U.S. authorities looked the other way when the Rwandan genocide happened in ’94, and there hasn’t been very much said or done about the current slaughter in Darfur either, despite George Clooney and Don Cheadle trying to ignite attention. (And men like Congressman Tom Lantos writing articles like this one in Vanity Fair.) Racist indifference about the fate of dark-skinned peoples is surely part of the reason, but did anyone in this country get wildly aroused by the Serbian slaughter of Bosnian Muslims in the ’90s, or by Pol Pot’s Cambodian genocide in the mid ’70s?

Part of the problem is that the reasons for the Darfur killings, which began in early ’03, are a bit murky. But it comes down to an ethnic cleansing campaign driven by oil-rich, Islamo-facist Arabs who want to destroy the farmer-class blacks who live in the Sudan’s southwestern section.
The bad guys are the Sudanese chiefs in Khartoum and the evil militia called the Janjaweed, whom the government funds. The good or somewhat better guys are the Darfur-region farmers, some of whom have given support to the fighters for the Sudan Liberation Movement and the Justice and Equality Movement. The Janjaweed and the Khartoum government have been systematically slaughtering tribes — women, children, old people, livestock — as a way of getting at the rebels. Maybe it’s also because Khartoum has acquired a taste for conquest and simply doesn’t want to stop. The estimates of the dead range from at least 200,000 to over 400,000.
I’m finally feeling the situation a bit because last weekend I saw Annie Sundberg and Ricki Stern‘s The Devil Came on Horseback (International Film Circuit), which opens in NYC on 7.25 and after that move across the country on a city-by-city basis into the mid-fall.
It’s a strong, moving, very well made documentary. Sad, obviously. Numbing, to a certain extent. (How could it not be?) But it’s not just grisly images and depressing statistics. It tells a story of an awakening, and in so doing invites us to follow suit. I’m glad I saw it.

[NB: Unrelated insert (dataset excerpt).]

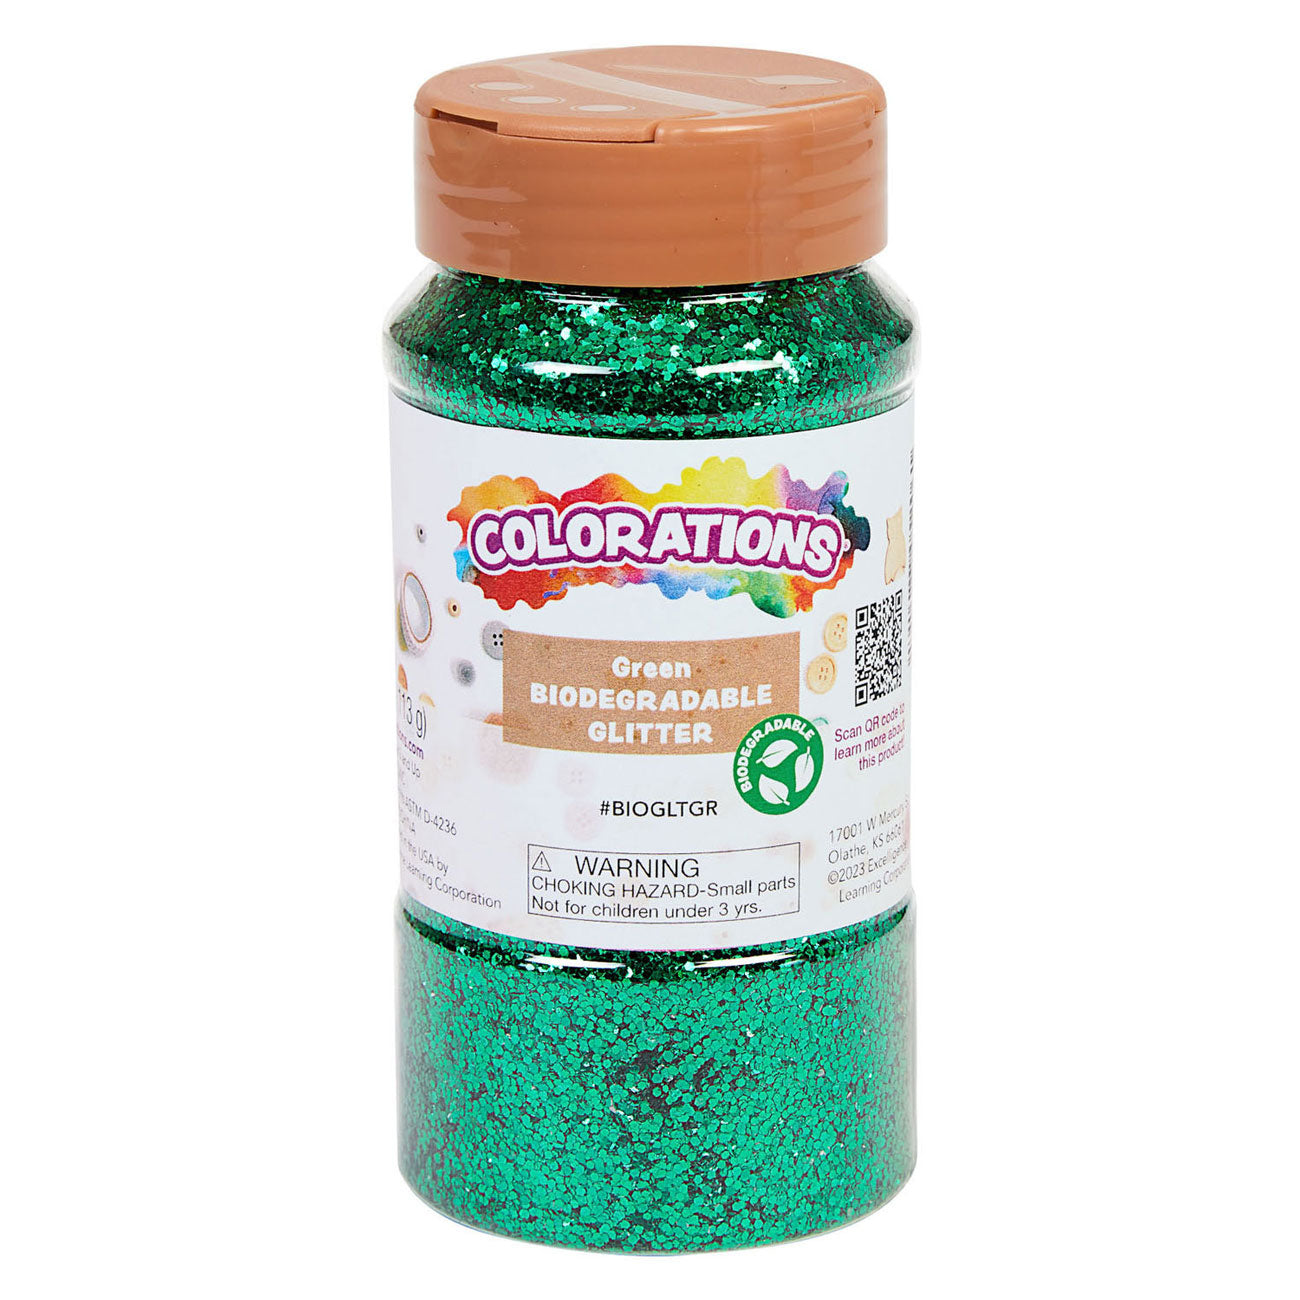 Coloraciones Glitter degradable orgánico Green, 113 gramos

Brian Steidle (right center)

The first half of Horseback is the story of how former Marine Capt. Brian Steidle, a guy with a taste for danger, wound up taking pictures and video footage of the Darfur genocide after landing a job with the African Union, an observer group, in ’04. He came to realize soon enough that the Janjaweed militia, armed by the Sudanese jihadists, were slaughtering Darfur’s black, non-Arab residents in massive numbers.
The second half is about an outraged Steidle showing his stills and his video documentation to various political and do-gooder groups in the U.S.. As Variety‘s Robert Koehler has said, the fact that an ex-Marine “had to do the job that was once the province of foreign correspondents is both an unspoken statement on Darfur’s extreme danger and remoteness, and also on the failure of Western — and American — journalism, and in particular, TV journalism to report on Africa.”
The film finally wonders what will it take to get U.S voters aroused enough to ask that something be done to stop the murders. Things have happened, of course — rallies, celebrity lobbying, Senator Barack Obama calling attention to the situation in speeches, etc. But this is only the beginning.
What the U.S. government really needs to do is step in big-time and start forcing the issue. Huge financial incentives (i.e., bribes) need to be offered to make it clear to Sudanese president Omar Hassan al-Bashir and his cabinet stooges that stopping the slaughter will be much more profitable than to prolong it. The Chinese need to get tough with them also. An armed civilian-protection force has to some- how muscle its way into the country to defend the defenseless.


The Devil Came on Horseback co-director Annie Sundberg

I’ll be doing a phoner with Steidle tomorrow; I’ll try and get it up before the day’s out.